3. Stable expression of CDKL5 in knockout clone 13. The CDKL5 open reading frame (1,030 amino acid/115‐kDa isoform) was inserted at the FRT sites in CDKL5 knockout clone 13 from (B). Cells transfected with empty vector were used as control. Cells were incubated with the indicated concentrations of tetracycline (Tet), and extracts were immunoblotted with anti‐CDKL5 antibodies.

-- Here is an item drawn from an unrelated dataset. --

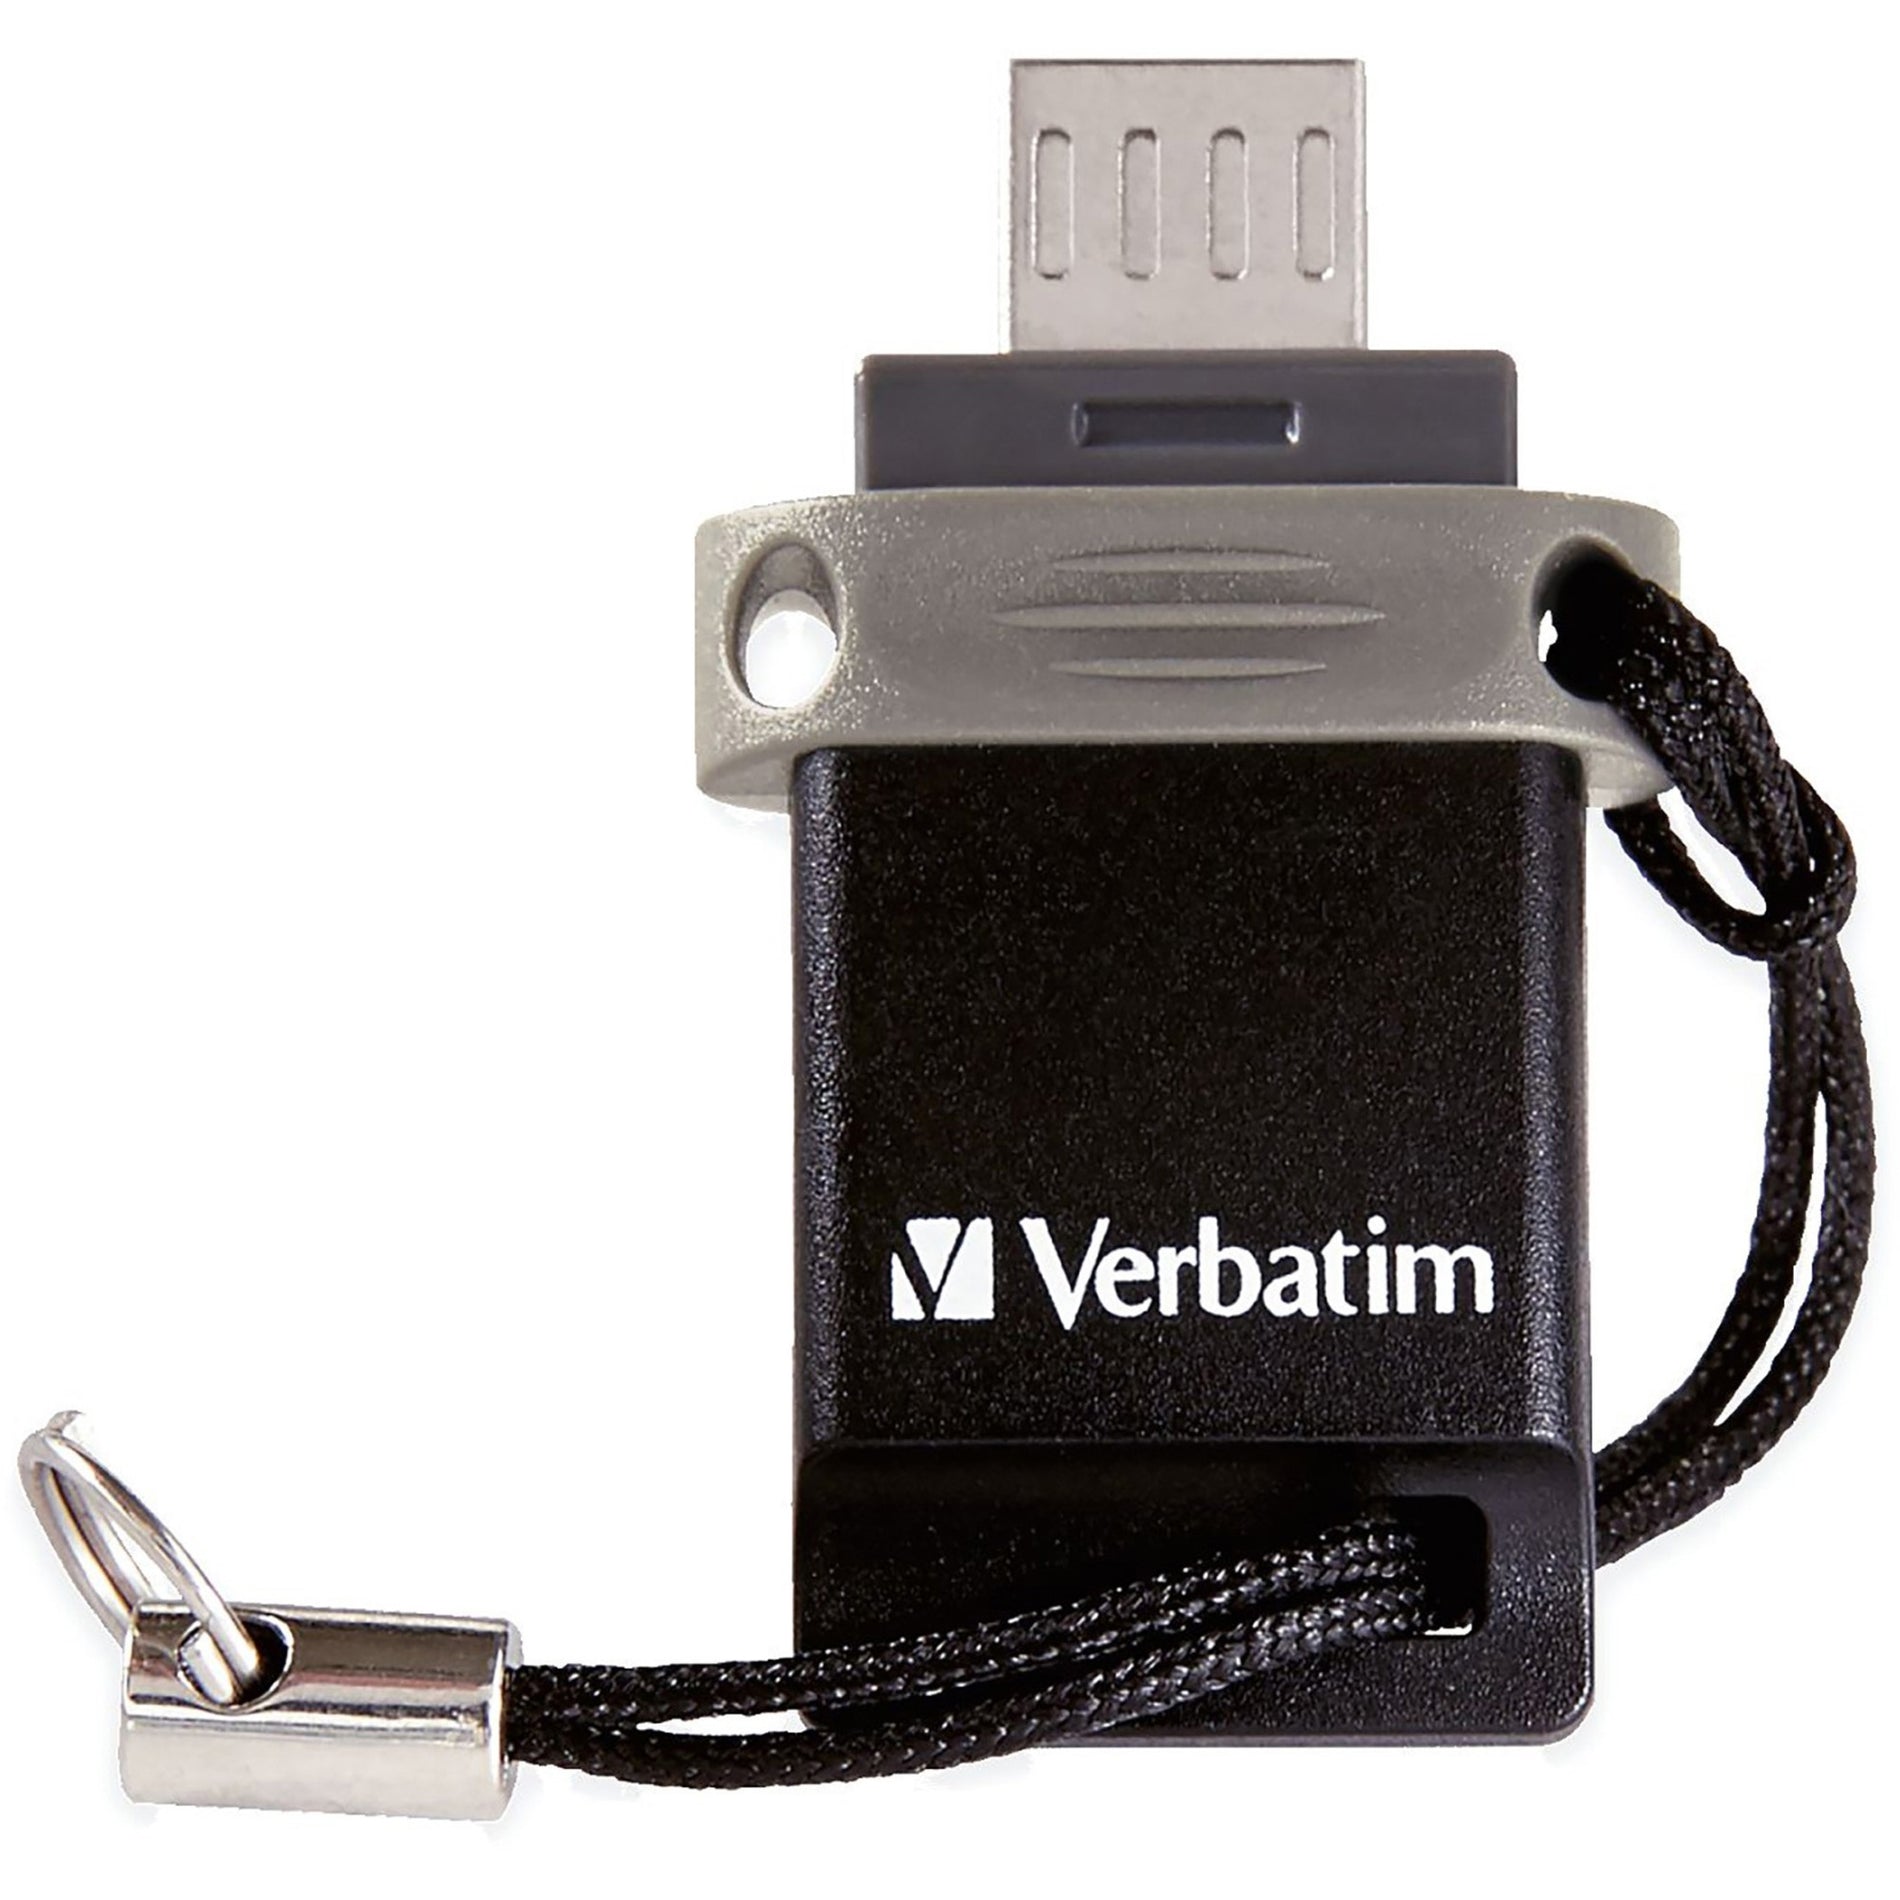 فيرباتيم ٩٩١٤٠ تخزين 'n' انتقل محرك فلاش USB مزدوج، ٦٤ جيجابايت، أسود/رمادي اسم العلامة التجارية: فيرباتيم

4. Phosphoproteomics workflow. CDKL5 knockout clone 13 and the same cells re‐expressing CDKL5 were lysed and protein extracts were digested using trypsin. After phosphopeptide enrichment by TiO₂ chromatography, peptides were isotopically labelled by TMT and combined. Combined peptides were fractionated by high‐pH reversed‐phase chromatography. Fractions were separated on a nano‐HPLC and analysed by quantitative mass spectrometry on an Orbitrap Fusion mass spectrometer. Data were analysed using MaxQuant software.

Source data are available online for this figure.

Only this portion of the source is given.